I wanted my assassin to have a pet, but nothing ordinary like a cat or a dog. I mused about a lizard, but decided on a macaw. I've been a caretaker of parrots in an upscale pet shop, so her macaw is an amalgam of those pets I cared for. One of them was crazy about skating on tiny rollerskates, another would keep asking 'Are you good?" and he wouldn't stop until you said, 'Yes, I'm good'. Another imitated the barking of a dog whenever you came close to his stand.
So I created Kourou, a macaw who barks like a dog when someone opens the door, loves skating but is accident prone and skates into the furniture, and will ask 'Happy?' until you reply with 'Happy!'. And he's a huge hit with readers, some reviewers even claim he's their favourite character. Again, not something I planned to happen.
So it's immensely gratifying if readers give you feedback like that, how they enjoy the little things that you didn't think anyone would notice or enjoy as much as you do. That's one of the most beautiful things there is, to me, that I can touch a stranger's mind and create fictional characters that become 'real' to them.

I agree. I wrote a short story for a SF anthology called Time Twist and it took me more time to research the period and specifically FDR's family, than it took to actually write it.
Easiest: Stories about the future. You can make it up and all you need to do is be consistent.

I can attest to historical fiction demanding serious research. My first two are the result of fifteen years of research.
Anything that deals with technology is going to take some knowledge of the topic. Even dealing with a foreign setting requires research and probably travel. Even if you write crime stories you have to understand the legal system.
I guess what I'm saying is if it doesn't require some effort and a deep understanding of the topic, it's fluff.



The advantage is that you can extrapolate whatever you wish and no history student is going to catch some error in facts and pummel you over the head with it. Yes, believability can be difficult, but I still have less trouble writing in the future than the past. Harry Turtledove is a history teacher and best-selling writer of alternate history books. In spite of all the research he does, he still gets "gotcha" mail from people who've spotted some small error in his stories.

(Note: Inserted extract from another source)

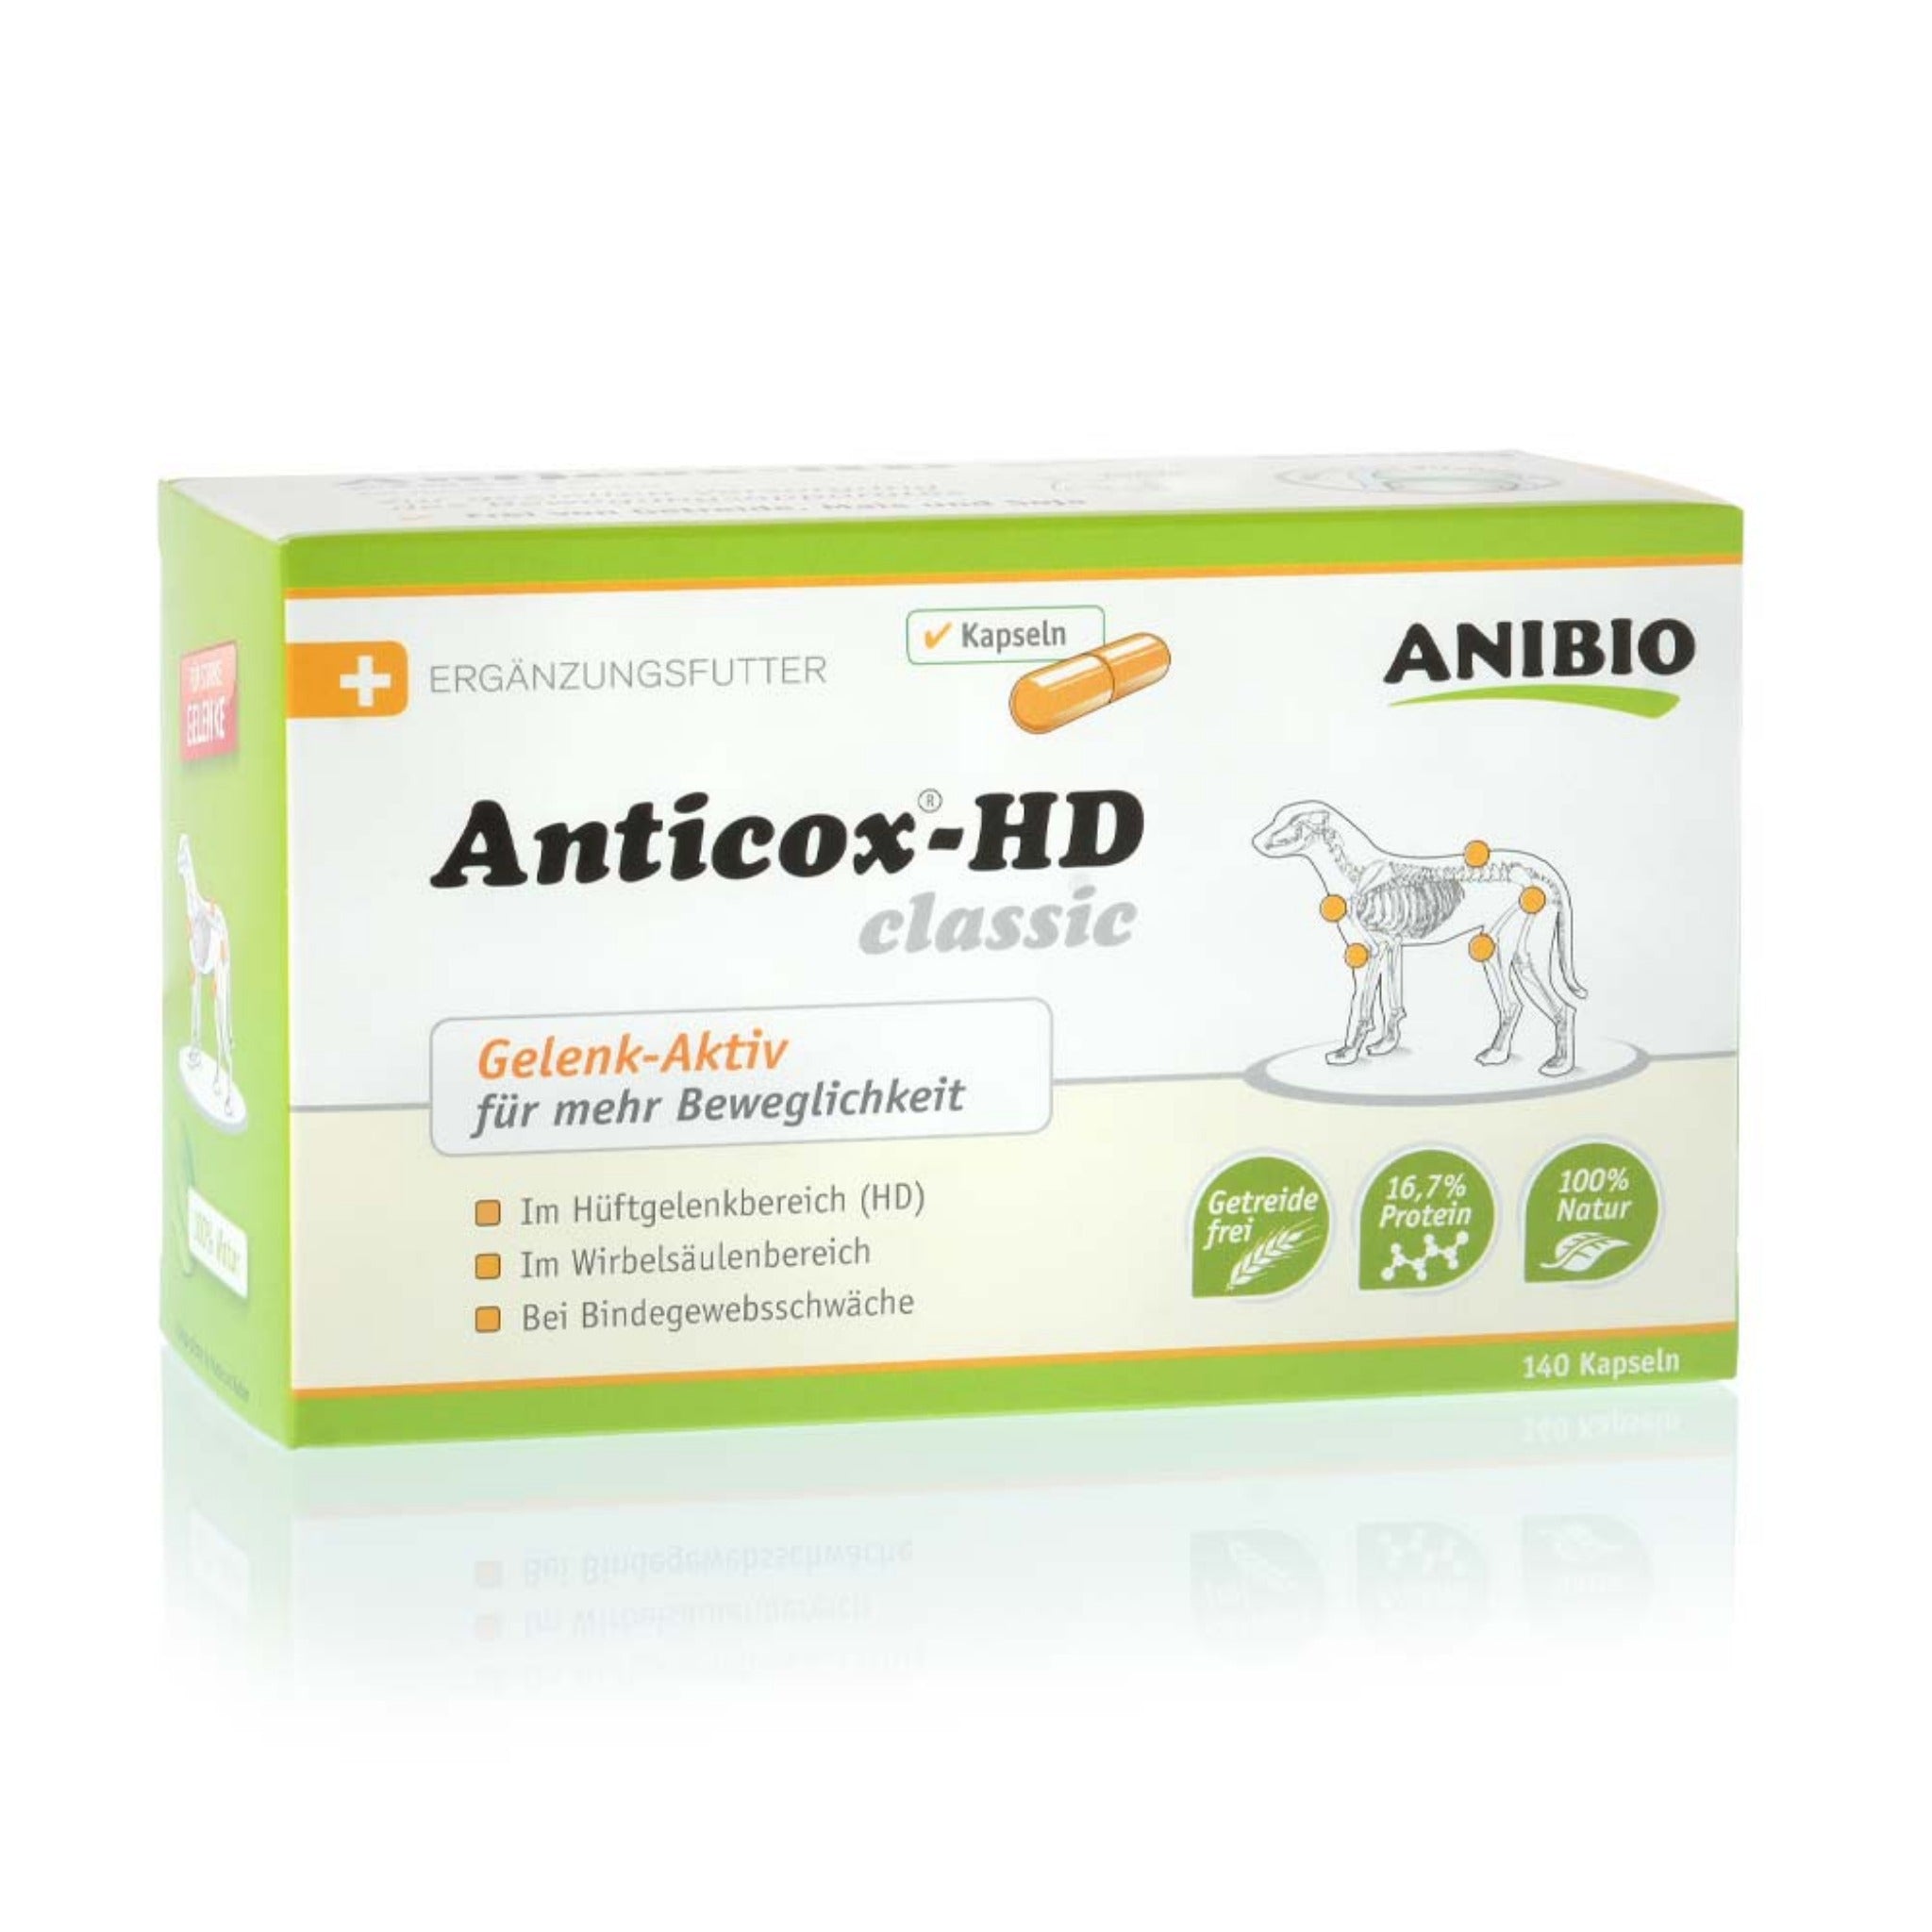 ANIBIO Anticox-HD classic Kapseln - Woofshack

Nothing wrong with fluff! Seriously, though, there are plenty of things that don't require much research and do require effort. Fantasy, for example, where the universe can be thought up out of whole cloth, BUT it must be consistent and detailed, and shouldn't be derivative. Or most non-historical romance, where you need to pay attention and avoid howlers and inconsistencies, but most of it really can come straight out of your head.
By the way, today after dutifully composing three or four hundred words of Regency-era blackmail, I gave in to the temptation and started the contemporary I have banging around (and I have a couple of others in various stages of completion I could be working on too) and got three thousand words done before my wrist started to hurt.
Now, I've written a few historicals, and I always feel like they are more work. I have a historical short story with a mystery element cooking, and it has been kicking my butt. I'm not really stuck, but it seems like a lot more work than a story should normally be. Some of it's the need for research, of course, and some of it just seems to be trying to make my brain do unaccustomed things. Does anyone have similar experiences?